I believe, there would be some sample on the web but I could not find it. Can somebody post a link for such example? or help me by some other means?
Languages with matched nested parentheses are not regular languages and can therefore not be recognized by regular expressions. Some implementations of regular expression (for example in the .NET framework) have extensions to deal with this but that is really no fun to work with. So I suggest to use an available parser or implement a simple parser yourself (for the sake of fun).
For the extension in the .NET implementation see the MSDN on balancing groups.
If your mathematical expression involves matched nested parenthesis, then it's not a regular grammar but a context-free one and as such, can not be parsed using regex.
How can I describe the language
A → AA | ( A ) | ε
generates using regular expressions?
Regular expressions accept strings from regular languages. Regular languages can also be accepted by an FSM.
There's an potentially infinite number of brackets in your language that you have to match up. That means you need an infinite state, obviously impossible in any Finite State Machine. Therefore, your language isn't regular and can't be matched with a regex.

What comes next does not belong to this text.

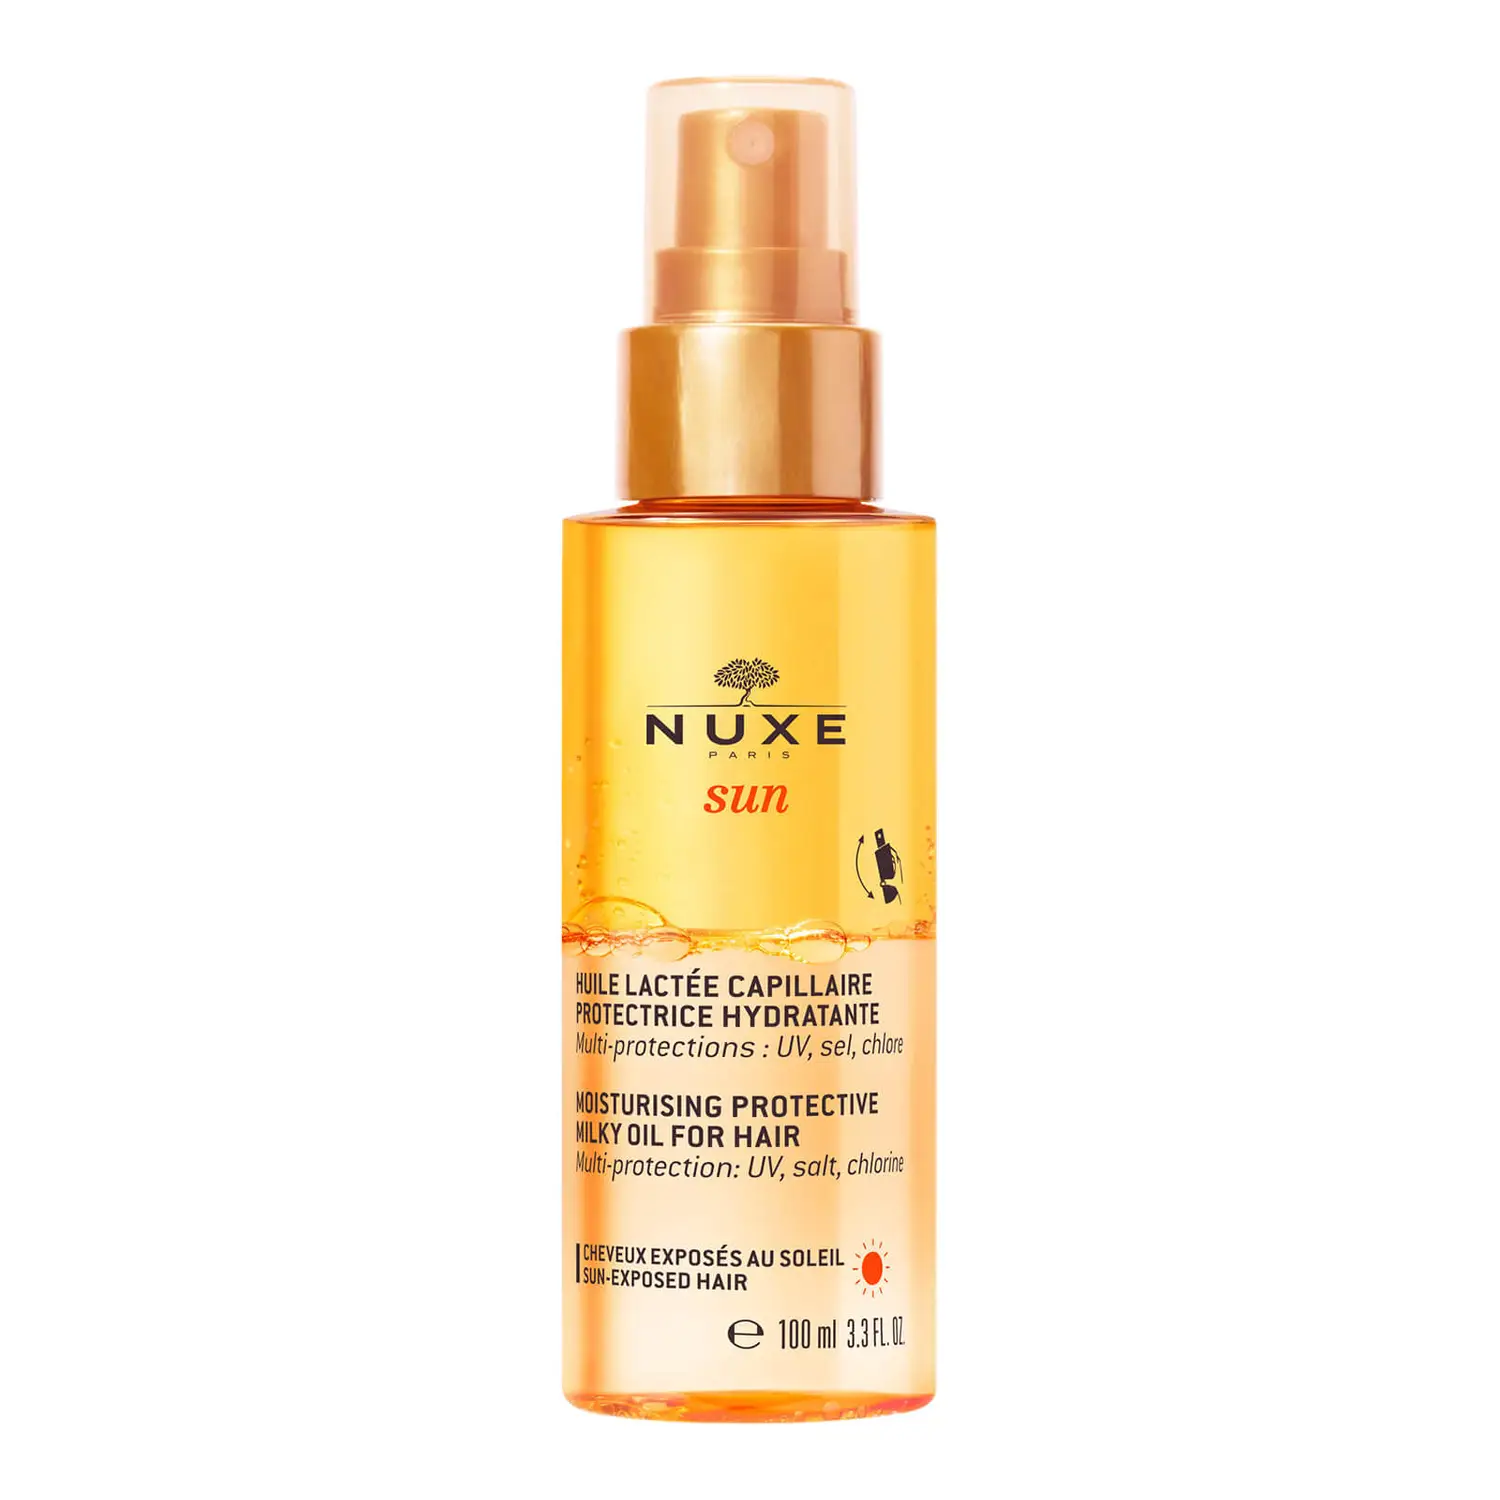 NUXE Sun Moisturising Protective Milky Oil for Hair 100ml A milky hair mist to protect against UV rays, salt and chlorine.  £16.00

Regular expressions cannot match nesting brackets.
I'm not sure about how you could notate that language, but that language isn't regular, as can be shown using the pumping lemma for regular languages (and thus, it can't be noted by a regex). An intuitive explanation is that accepting words from that language would require the FDA to 'remember' the number of opening parenthesis that it just read every time it begins to read closing parenthesis, and that isn't possible for them as they have no 'memory'. A push-down automaton, on the other hand...
Could that language be noted as {(n)n}*, for any n?
You can't - regular expressions can only recognise a small subset of possible languages. In particular, informally, any language that requires an unbounded amount of memory potentially to recognise is not RE recognisable.
Here, you'd need an unbounded amount of memory to remember how many opening parentheses you've seen in order to make sure the number of closing parentheses are the same.
You'll need some mechanism that is capable of parsing Context-Free Grammars to be able to recognise languages described by BNF in general. Modern parsers are very good at this!
As others have said you cannot do this with a single regular expression, however you can tokenize it with two "\(" and "\)". Seeing that your language can only have brackets in it though I'm not sure this is going to be very useful.
Note: You will also need a passer to ensure the brackets are paired up correctly. So “(()()” will tokenize but will not parse.